Playing on the edge of understanding

An amount. How much of something. A little, a lot or somewhere in between. It's all relative. To what you know and have become used to. It could be anything. Suffering, pleasure, possessions, time, money, distance, volume, size and so on.

Comparisons are easy to make. I can quite easily look at what you have done or got and compare that to what I have done or have. "Comparison is the thief of joy" (Eleanor Roosevelt) is a favourite quote. Not much good comes from comparisons but it is pretty common to make them. Maybe that's because comparison is grounded in something shared, something we have or want. That could be experience, a conceptual framework or material objects.

More often than not when I've heard empathy being discussed it's framed from the perspective of empathising with another's suffering. Their misfortune, bad luck, ill health or some other negative experience. Not sure why that is. Is not sharing someone else's joy or commending their success the same thing? The closest I can find to this is the Buddhist practice of Mudita. "...sympathetic, empathetic, unselfish, appreciative, altruistic, or boundless joy – it is joy in the good fortune of others."

It's a bit of a stretch for me to imagine, to conceptualise the experience of something that's sits way outside my sphere of experience. Mental heuristics only go so far. My frame of reference falls short. I see the horror show that is news about Gaza, Ukraine and such like to what effect? I feel angry and sad about it. I cannot though imagine what it feels like to wake up and live that experience every day.

The line is bad. I can't hear you. I end the call. I might try again. The quality of the connection seems outside of my control. My attention moves elsewhere. A marked difference in experience is perhaps a bit like this.
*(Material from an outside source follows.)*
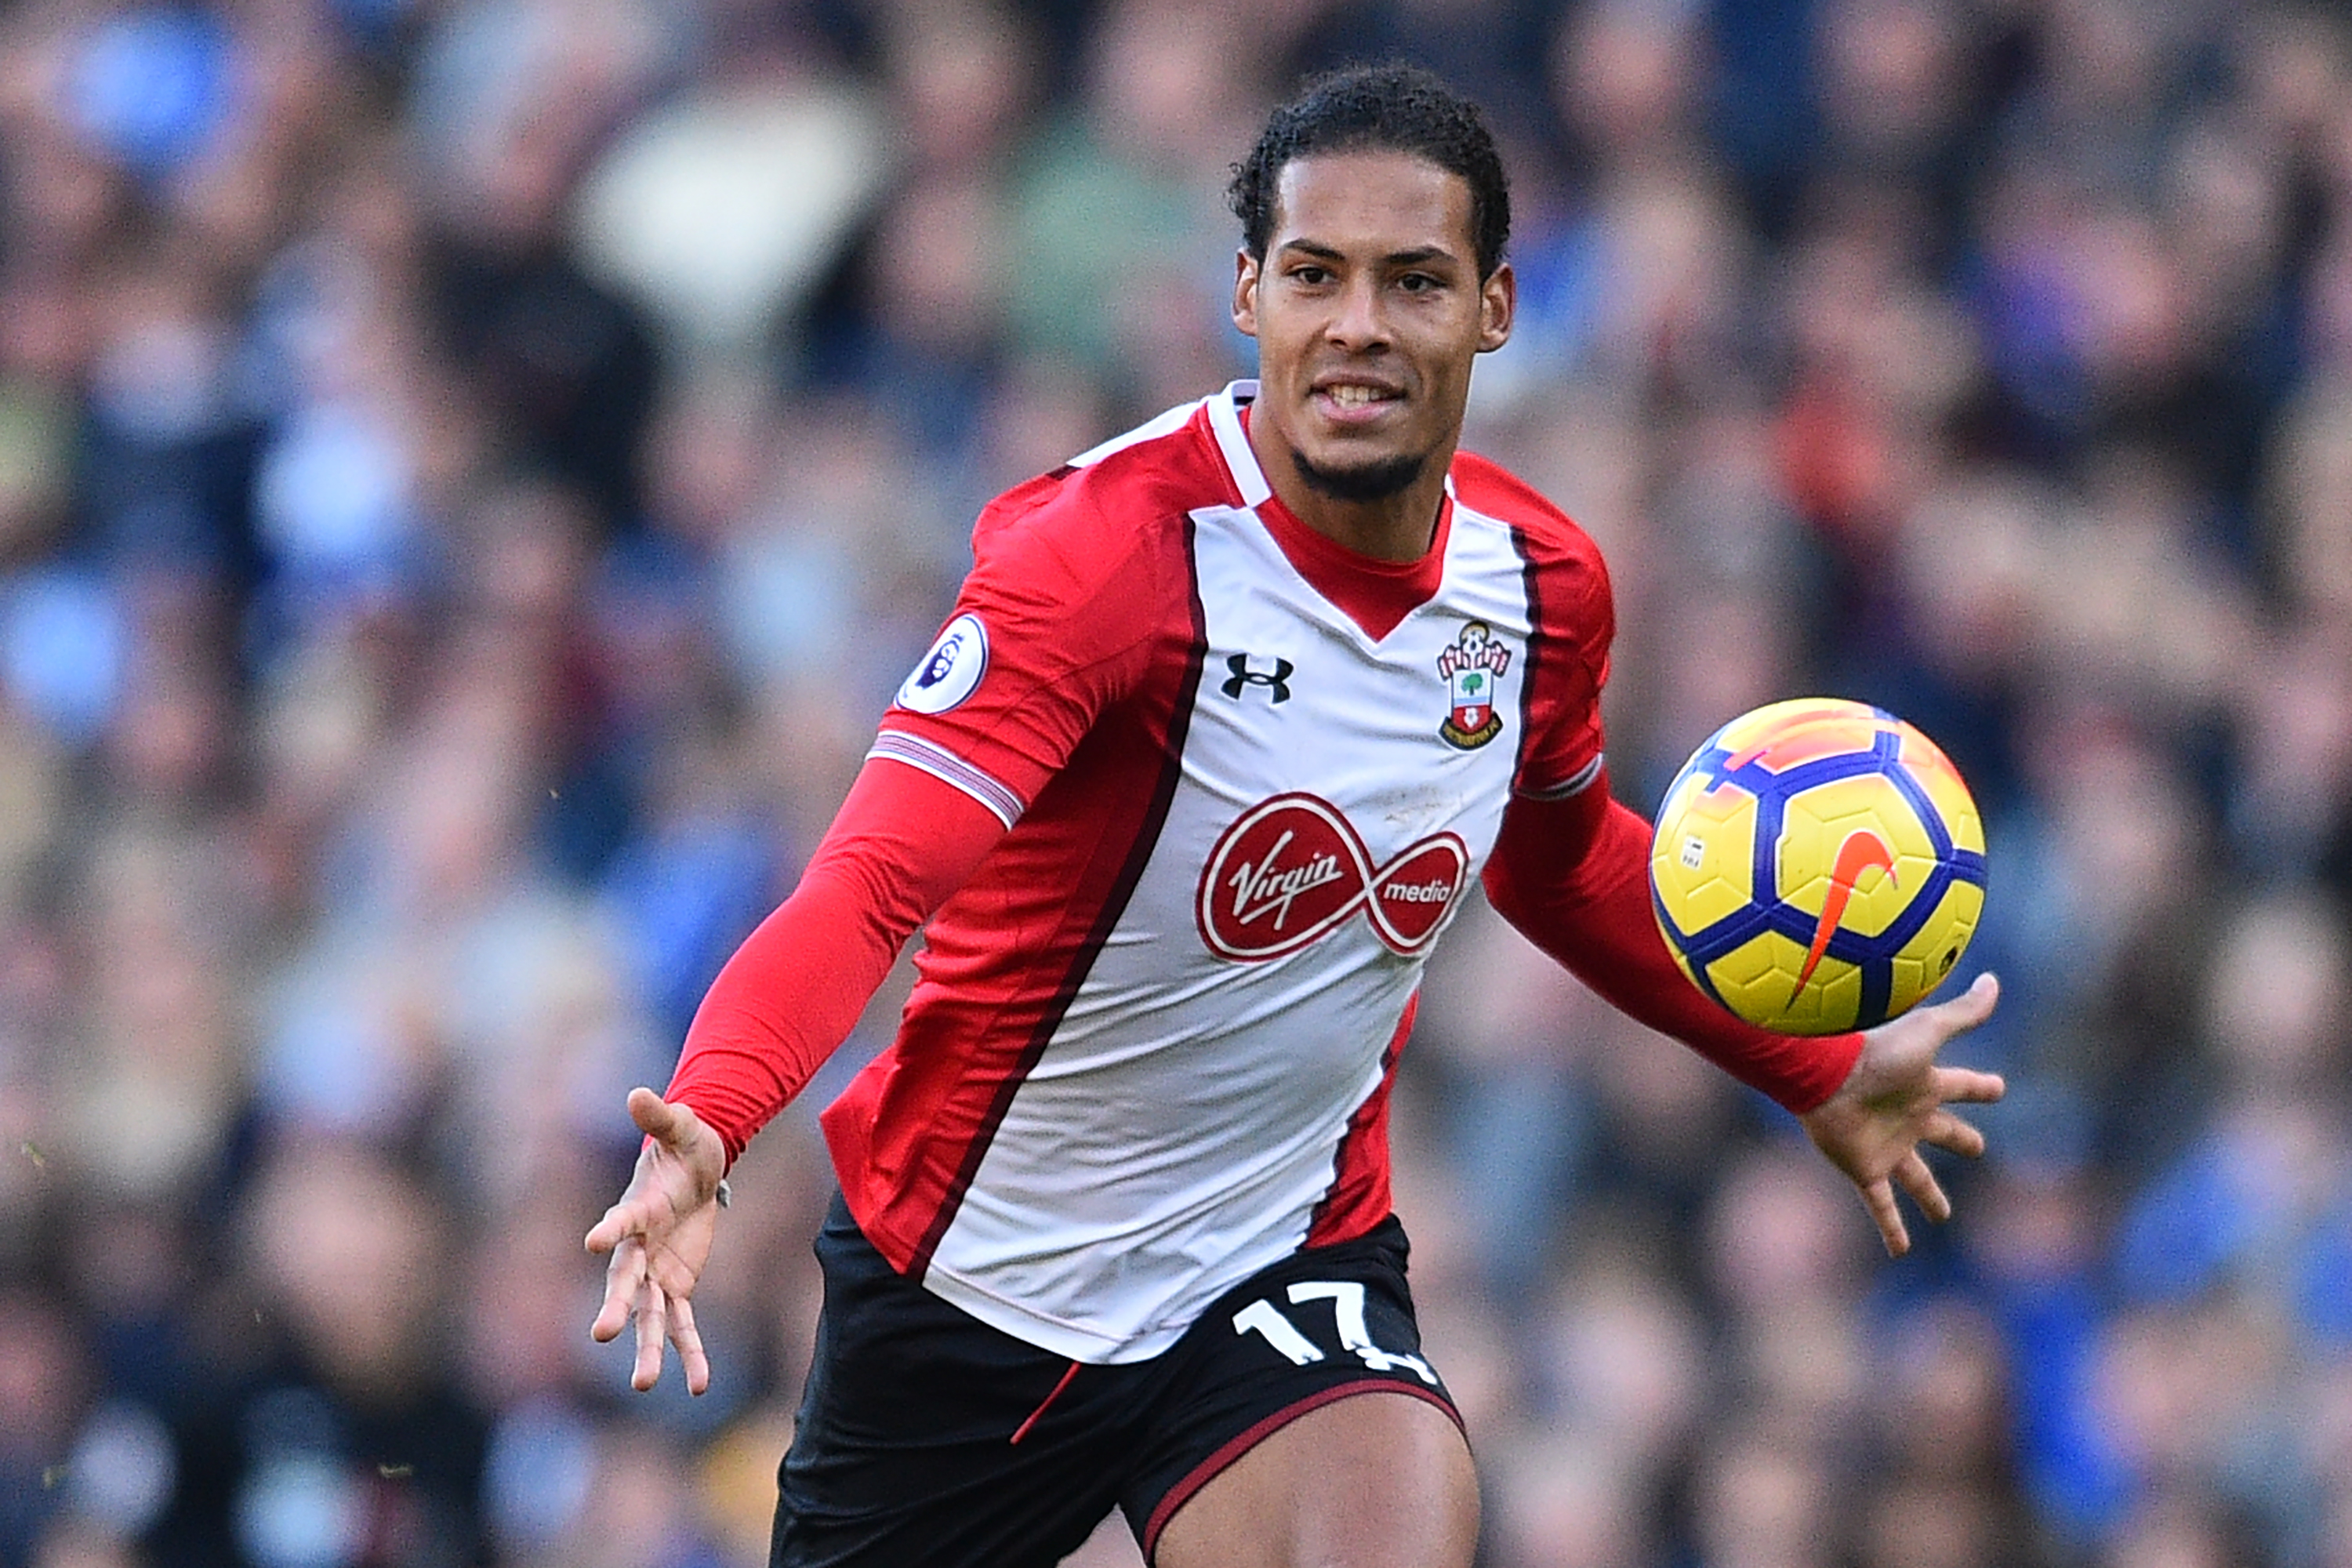 Southampton's Dutch defender Virgil van Dijk chases the ball during the English Premier League football match between Brighton and Hove Albion and Southampton at the American Express Community Stadium in Brighton, southern England on October 29, 2017. / AFP PHOTO / Glyn KIRK / RESTRICTED TO EDITORIAL USE. No use with unauthorized audio, video, data, fixture lists, club/league logos or 'live' services. Online in-match use limited to 75 images, no video emulation. No use in betting, games or single club/league/player publications.  /         (Photo credit should read GLYN KIRK/AFP/Getty Images)

I started writing this to share what often happens when speaking about long distance bike rides. The conversation often does not go much beyond the initial wow response. It could be down to my own conversational skills. I'm no raconteur but neither am I socially inept. It's occurred to me that most who ask, "so how far did you ride?" simply cannot imagine do anything similar so struggle with finding any common source of reference to continue the conversation. These dead end conversations pale into insignificance given the prior examples, however the principle seems the same.

So what can we do differently? How can we respond to something beyond that which we can relate to. Start by acknowledging the limits of our understanding. Be curious, be interested, listen with an open heart, and where it's needed let compassion inform our actions.